NB: Do not store pellet for more than 6 months (see Note 12 ).

3.1.2 3C Library Generation

Day one

  1. 1.

    Thaw the pellet on ice for 1 h.

  2. 2.

    Resuspend the cells in 4.5 mL of 1× restriction buffer (see Notes 1 and 2 ).

  3. 3.

    Transfer the cell suspension into 3× VK05 tubes (Precellys) (see Note 6 ).

  4. 4.

    Lyse the cell using the following program: 9 cycles × (6500 × g—30 s ON/60 s OFF).

  5. 5.

    Transfer lysate into 8 × 1.5 mL microcentrifuge tube (500 μL per tube).

  6. 6.

    Add 15 μL of 10 % SDS per tube (final concentration: 0.3 %).

  7. 7.

    Incubate tubes in a dry bath at 65 °C for 20 min.

  8. 8.

    Promptly transfer tubes on ice and incubate for 1 min.

  9. 9.

    Incubate tubes for 30 min at 37 °C and under agitation.

  10. 10.

    Add 50 μL of Triton X-100 20 % and 6 μL of 10× restriction buffer per tube.

  11. 11.

    Incubate tubes for 30 min at 37 °C and under agitation.

  12. 12.

    Put one tube aside as a non-digested control.

  13. 13.

    Add 150 units of restriction enzyme in each of the 7 remaining tubes.

  14. 14.

    Incubate overnight at the appropriate temperature for the chosen restriction enzyme.

Day two

  1. 15.

    The next morning, take the non-digested control and one of the digested samples (non-digested and digested controls, respectively). Add 100 μL of SDS 10 % and 30 μL of proteinase K to each tube and incubate them at 65 °C overnight (these controls will then be furthered processed at step 30).

  2. 16.

    Centrifuge the 6 remaining tubes at 16,000 × g for 20 min at temperature in order to isolate the insoluble fraction of the cross-linked chromatin [11].

  3. 17.

    Remove the supernatant and suspend each pellet in 500 μL of H2O.

  4. 18.

    Pool the pellets three by three and dilute the two samples in 22.5 mL of a precooled (4 °C—on ice) ligation reaction mix (10× ligation buffer 2.4 mL, BSA 10 mg/mL 240 μL, ATP 100 mM 240 μL, water) in 50 mL conical tubes.

  5. 19.

    Add 125 units of T4 DNA ligase.

  6. 20.

    Homogenize the reaction by inverting the tubes 2–3 times.

  7. 21.

    Incubate for 4 h in a 16 °C water bath.

  8. 22.

    Transfer to a 25 °C water bath for an extra 45 min.

  9. 23.

    Add 200 μL of EDTA 500 mM per tube to stop the reaction.

  10. 24.

    Add 200 μL of proteinase K (20 mg/mL) and incubate the tube overnight at 65 °C.

Day three

  1. 25.

    The next morning, cool down the tubes at room temperature and transfer the solution to new 50 mL conical tubes.

  2. 26.

    Add 2.4 mL of 3 M Na Acetate pH 5.0 and 24 mL isopropanol and incubate at −80 °C for 1 h in order to precipitate DNA (see Note 13 ).

  3. 27.

    Centrifuge the tube in an appropriate centrifuge at 10,000 × g for 20 min.

  4. 28.

    Remove the supernatant and dry the pellet on the bench (see Note 14 ).

  5. 29.

    Suspend each pellet in 900 μL of TE buffer 1× and transfer them in 2 × 2.0 mL microtube.

  6. 30.

    Perform a DNA extraction for each tube using 900 μL of phenol–chloroform.

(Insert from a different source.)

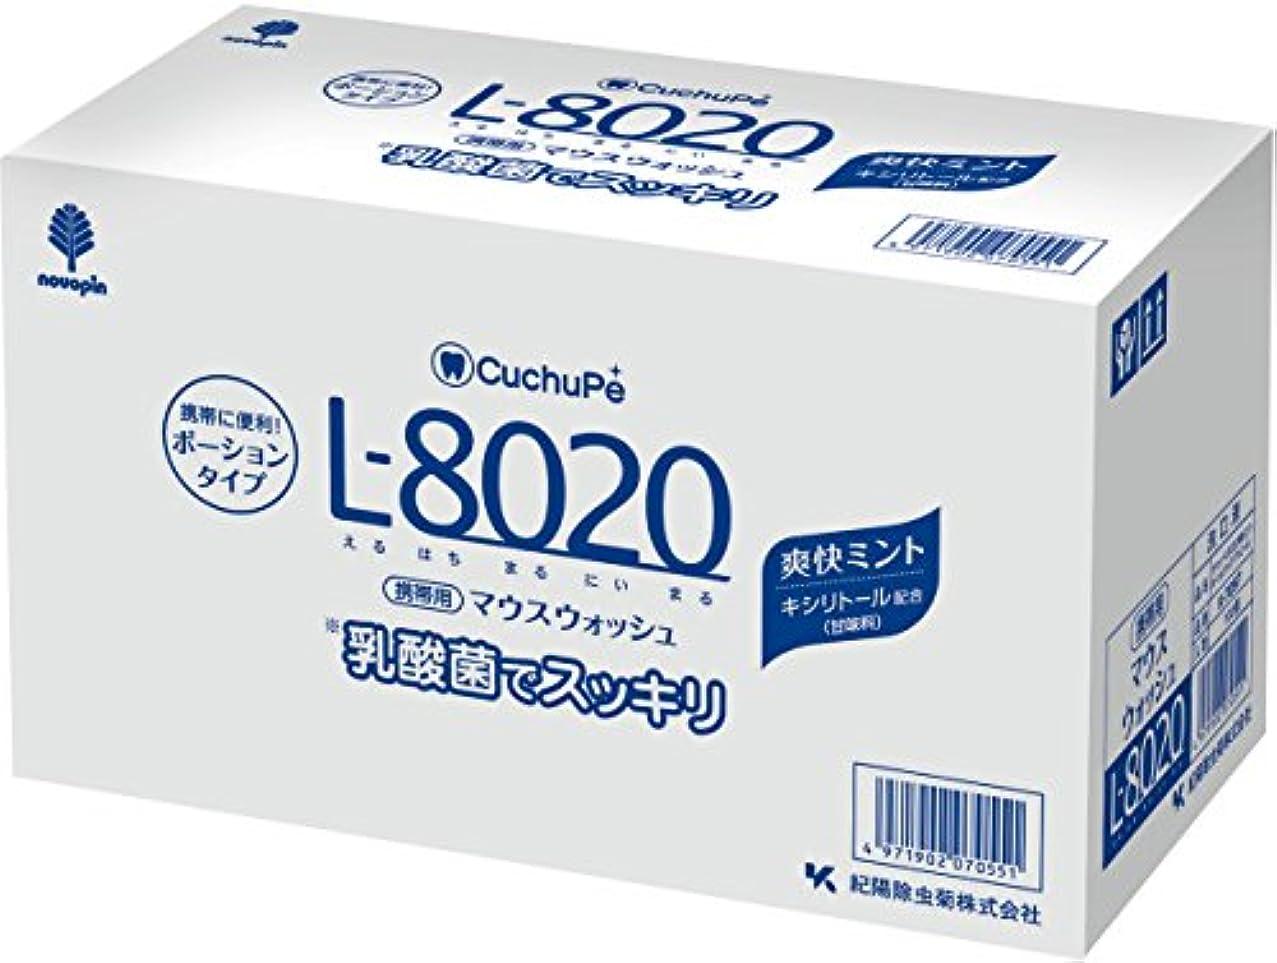 ストレンジャーサイバースペース野球紀陽除虫菊 マウスウォッシュ クチュッペ L-8020 爽快ミント (キシリトール配合) ポーションタイプ 100個入
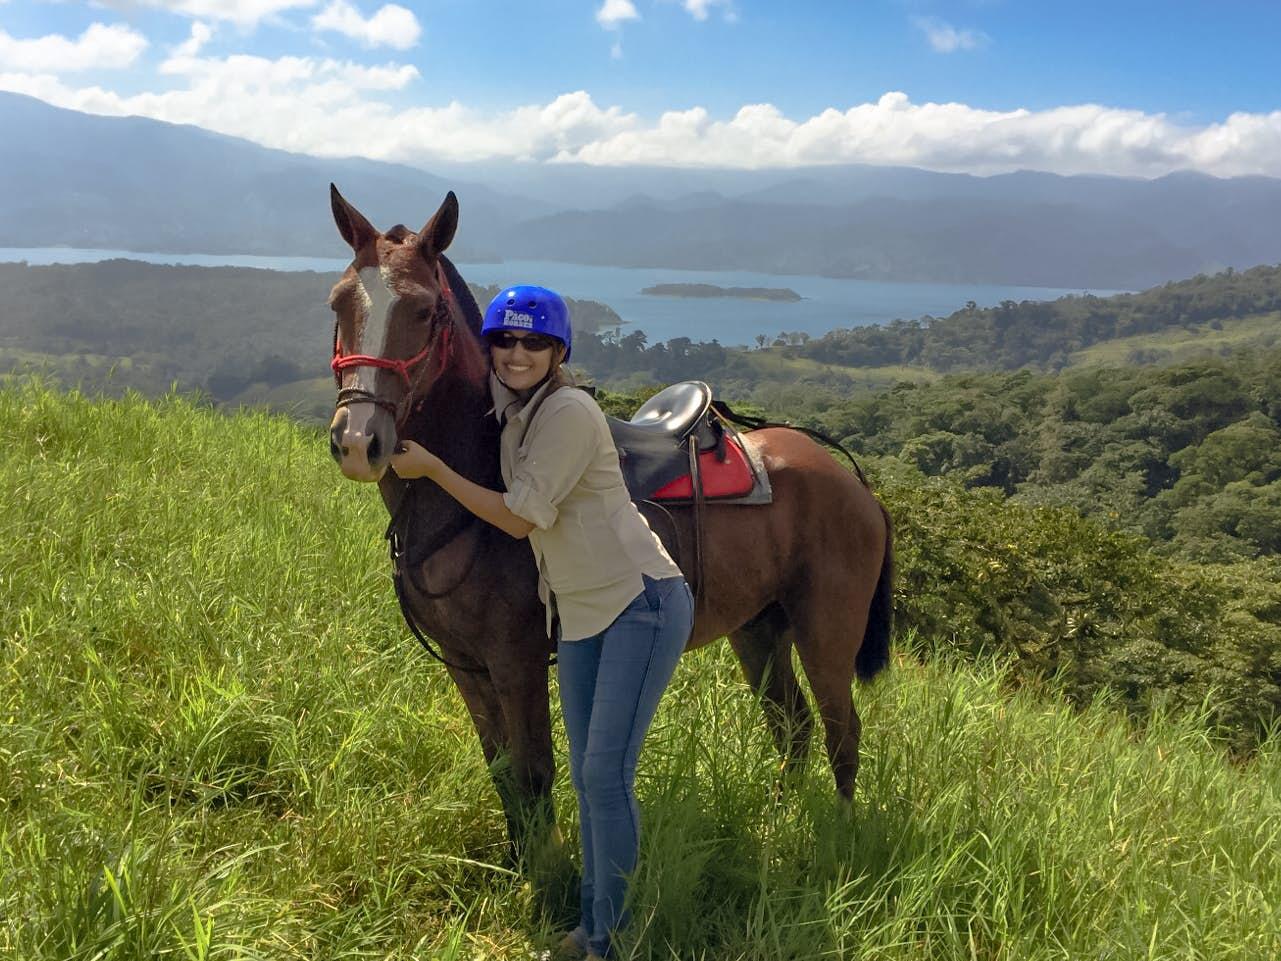 Pacos Horses Tour at Mistico Park.

Also extract the DNA from control samples from step 15 using 500 μL of phenol–chloroform–isoamylalcohol.

  7. 31.

    Recover 2 × 400 μL of the aqueous phase (upper phase) for each tube (800 μL per tube in total) (and 1 × 400 μL for control tubes and transfer them into 1.5 mL microcentrifuge tube.

  8. 32.

    Add 40 μL of 3 M Na Acetate pH 5.0 and 1 mL of cold ethanol to each tube.

  9. 33.

    Vortex the tubes and incubate at −80 °C for 30 min.

  10. 34.

    Centrifuge the tubes at 16,000 × g for 20 min; discard the supernatants.

  11. 35.

    Wash each DNA pellet with 500 μL of cold 70 % ethanol.

  12. 36.

    Centrifuge tubes at 16,000 × g for 20 min and remove supernatant.

  13. 37.

    Dry pellet by incubating them on a 37 °C dry bath.

  14. 38.

    Suspend each pellet in 30 μL TE buffer 1× supplemented with RNAse A (0.1 μg/mL final concentration).

  15. 39.

    Incubate at 37 °C for 45 min.

  16. 40.

    Pool the tubes containing the 3C libraries.

  17. 41.

    Estimation of the quality and quantity on a 1 % agarose gel (Fig. 1; see Note 15 ).

    Fig. 1
    figure 1

    Photography of gel electrophoresis migration of DNA at various steps of a 3C library construction. (a) Non digested control (1); Digested control (2 ); 3C library (3 ). (b) Processing of a 3C library for Illumina sequencing. Profile after shearing (4 ); profile following reparation, addition of 3′ A-tail and ligation of PE adapters (5 ); profile after size selection (400–800 bp) and PCR amplification (6 )

  18. 42.

    Optional: store at80 °C as ~6 μg DNA aliquots .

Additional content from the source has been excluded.